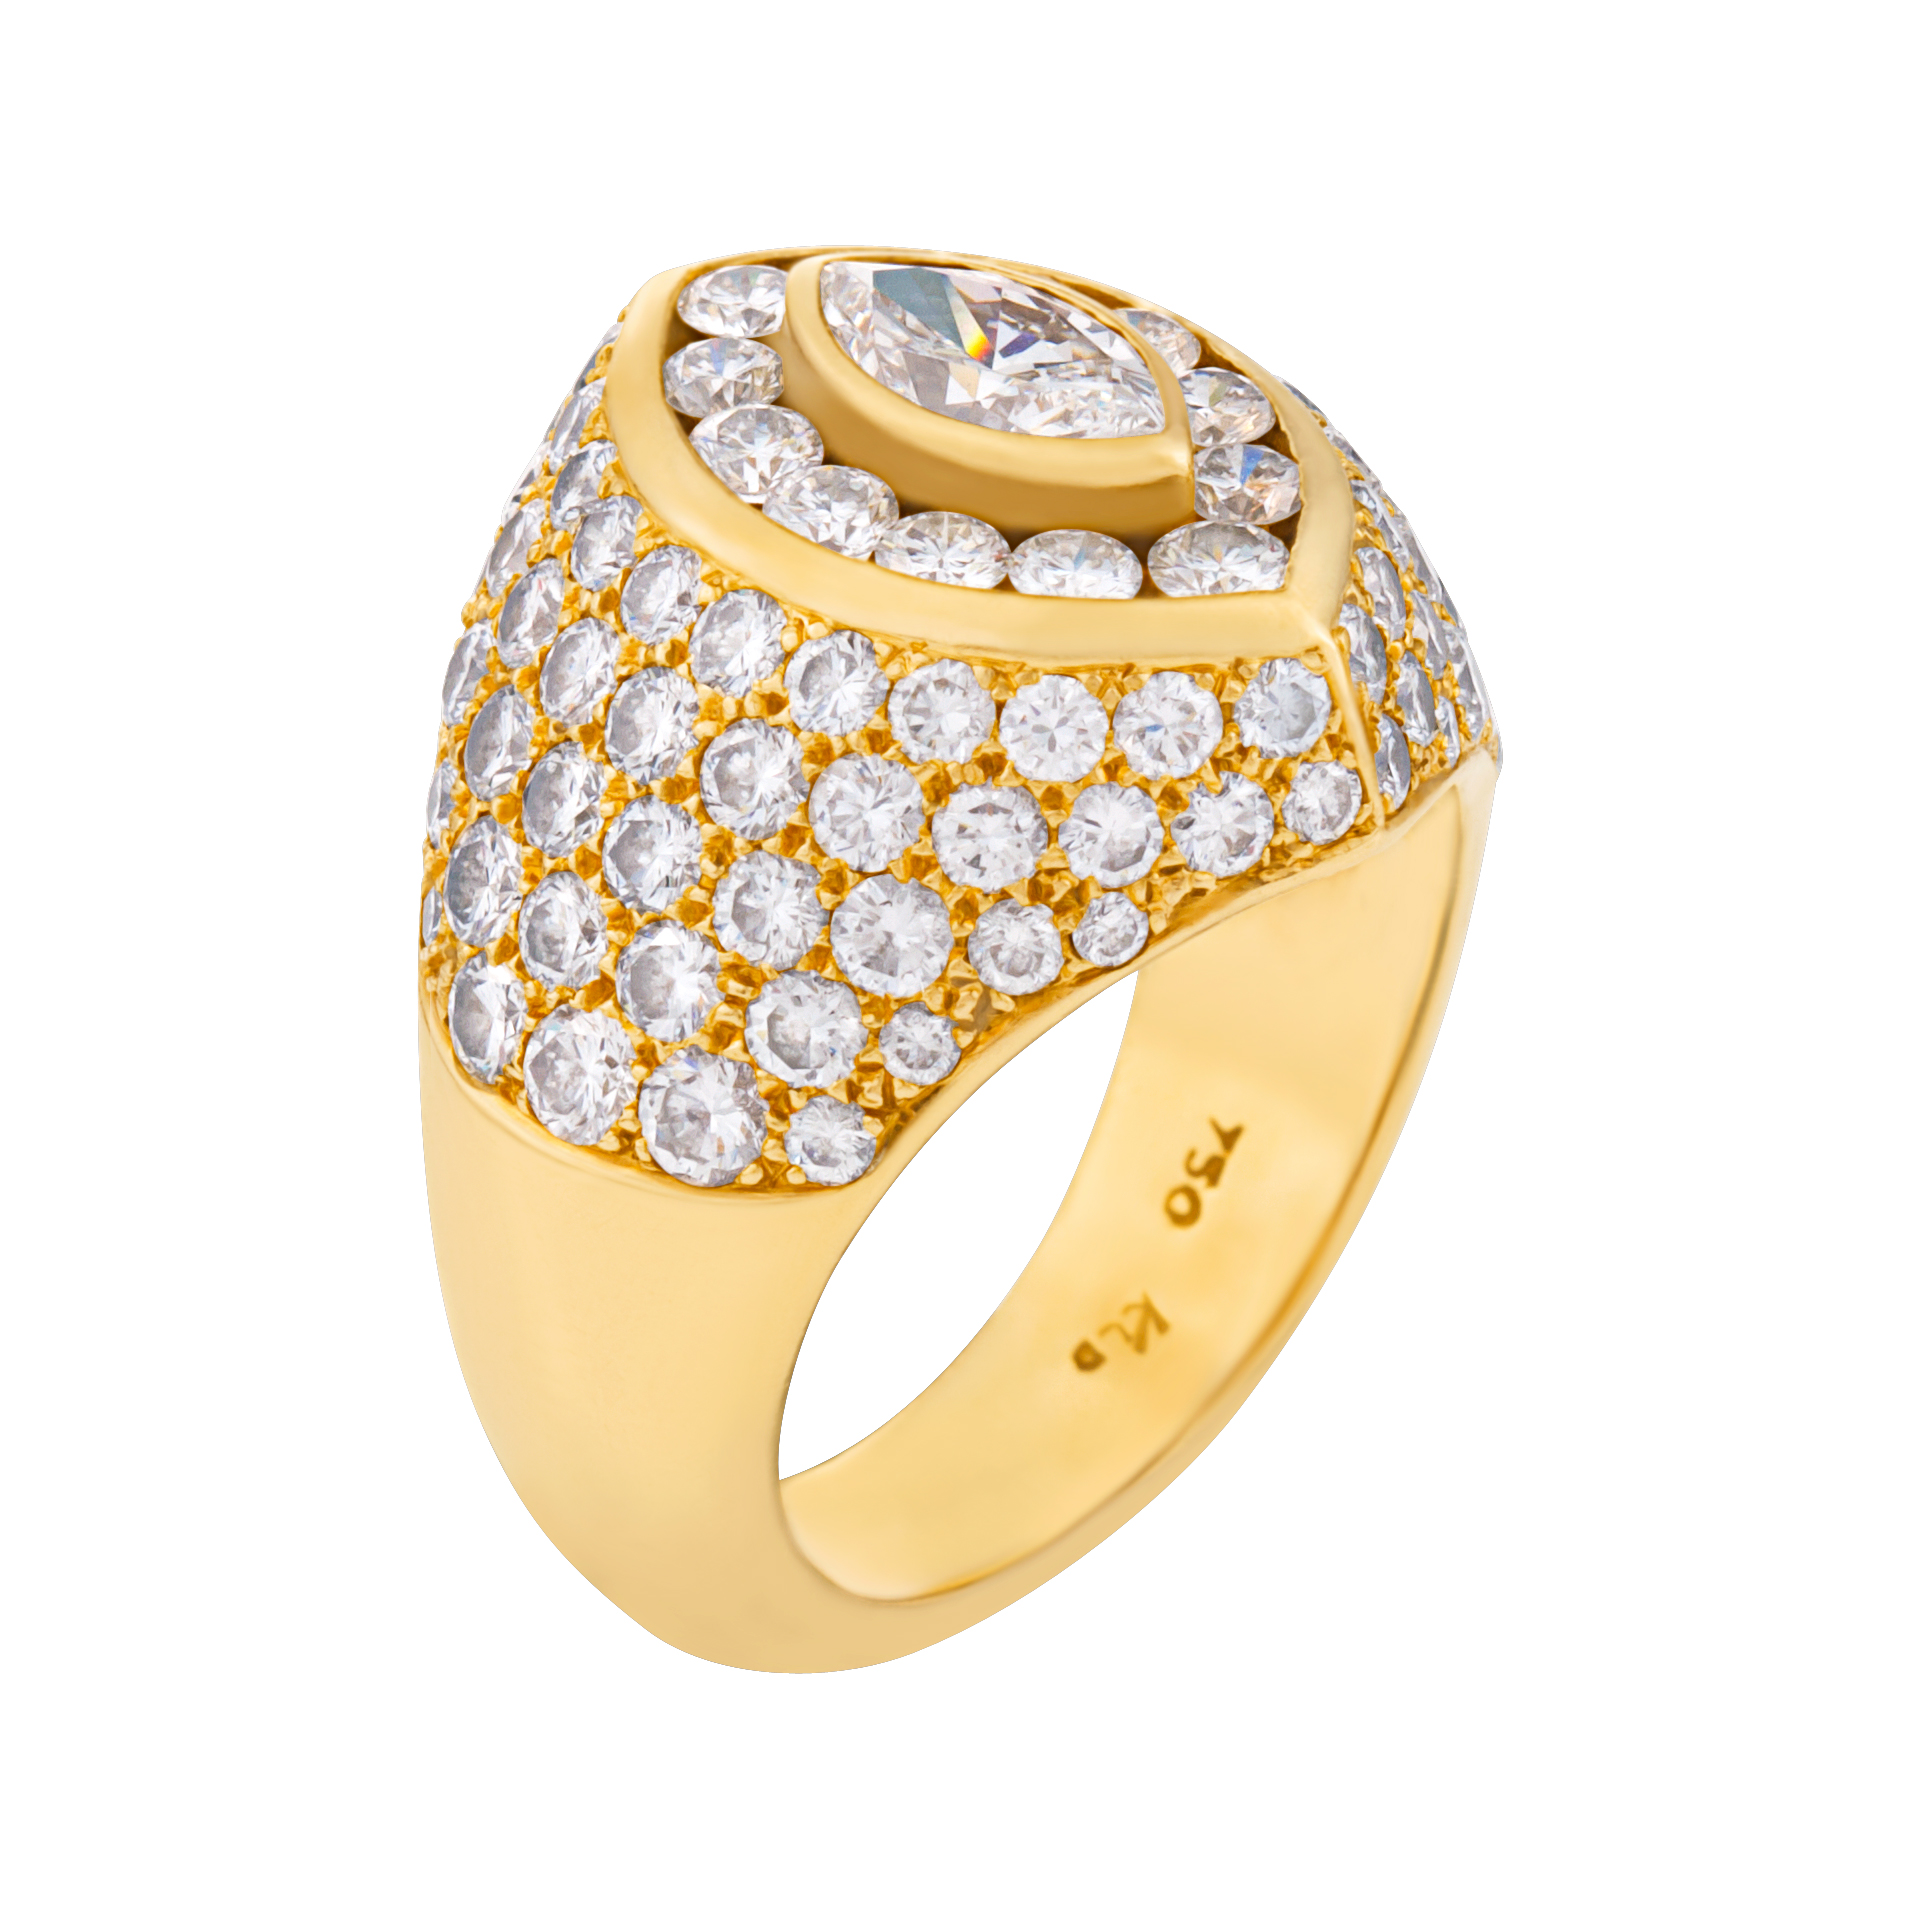 Kutchinsky 18K yellow gold diamond ring, total diamonds weight approx. 4.00 carats. All diamonds estimate E-F color, VVS clarity. image 4
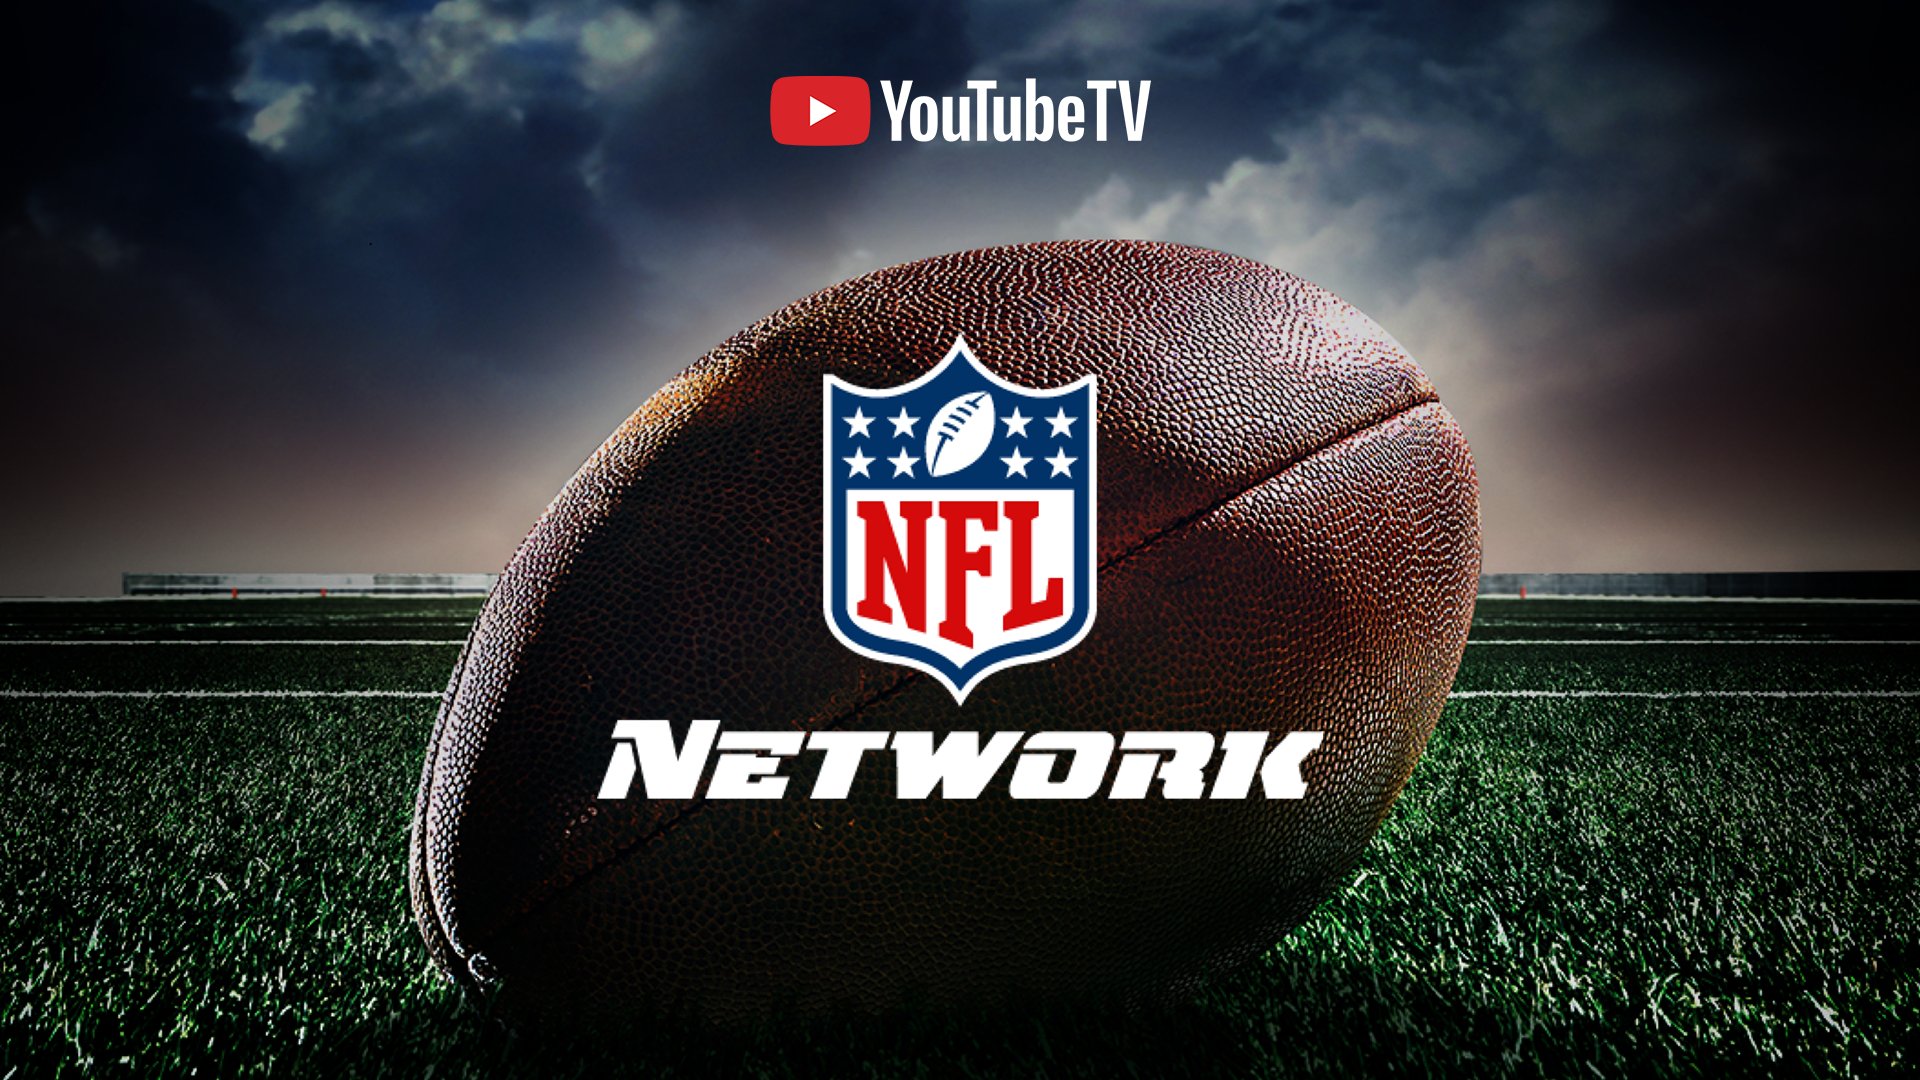 nfl network on youtube tv
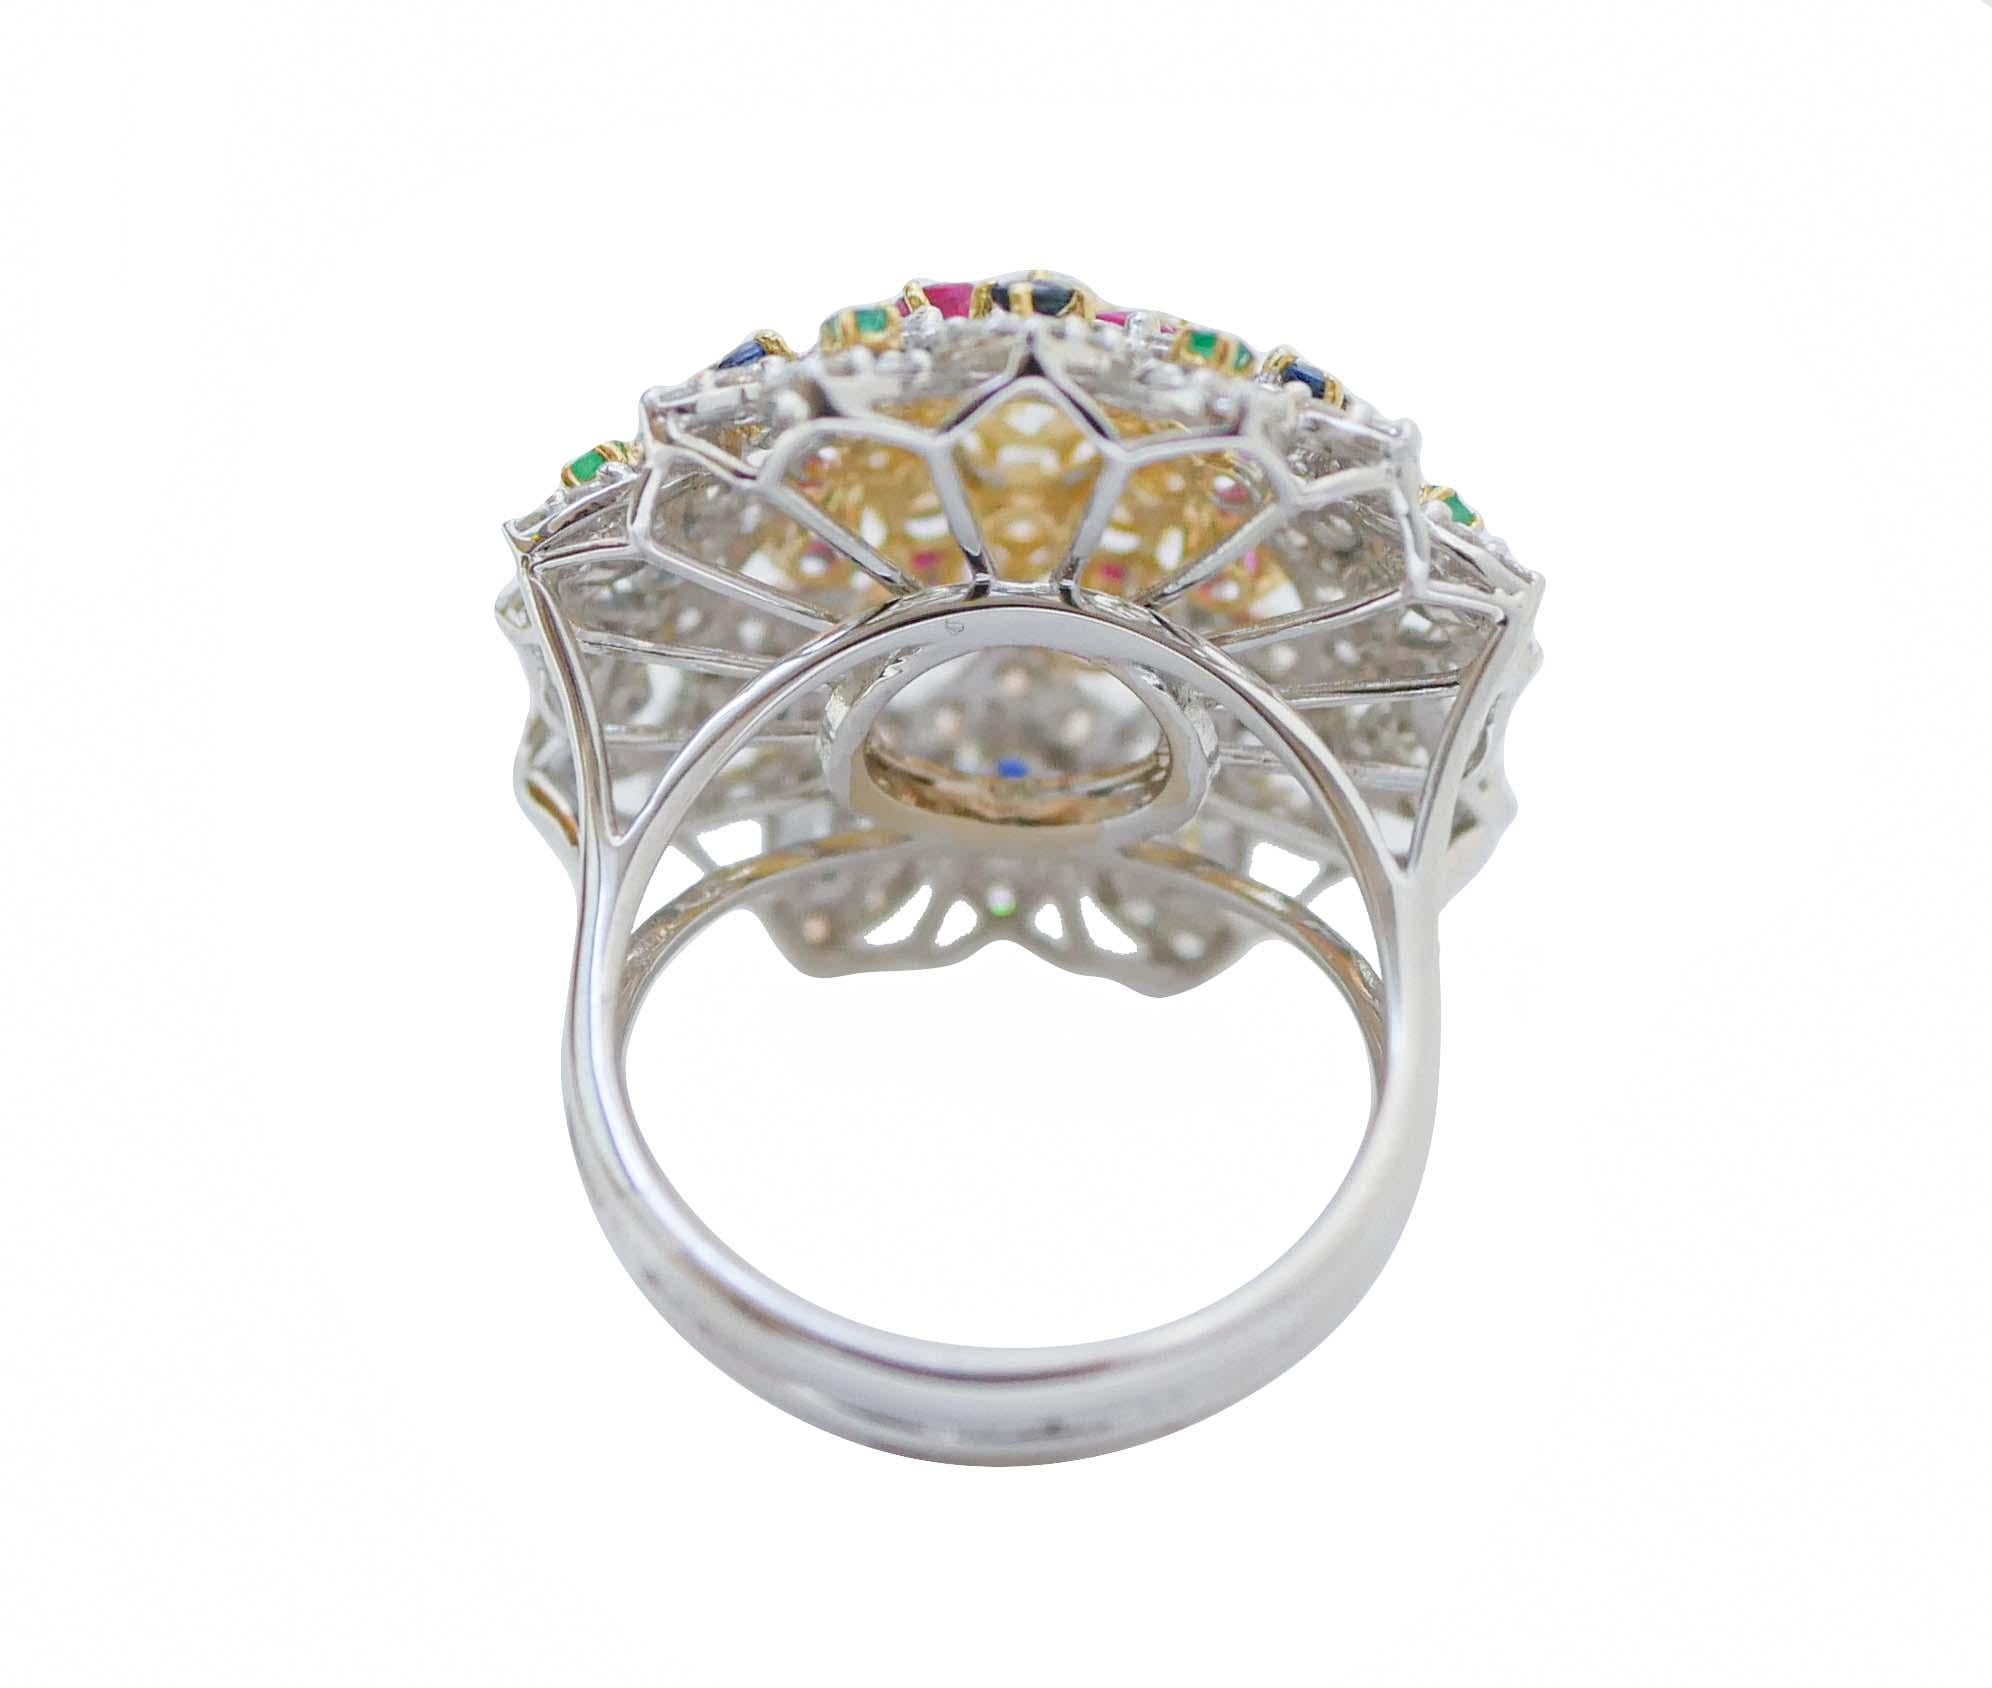 Retro Sapphires, Rubies, Emeralds, Diamonds, 18 Karat White Gold Ring. For Sale

## Assigned task
Give back the material word for word, leaving out its pictures.

## Written solution
 Kutchinsky 18K yellow gold diamond ring, total diamonds weight approx. 4.00 carats. All diamonds estimate E-F color, VVS clarity. image 4
 nfl network on youtube tv
 Retro Sapphires, Rubies, Emeralds, Diamonds, 18 Karat White Gold Ring. For Sale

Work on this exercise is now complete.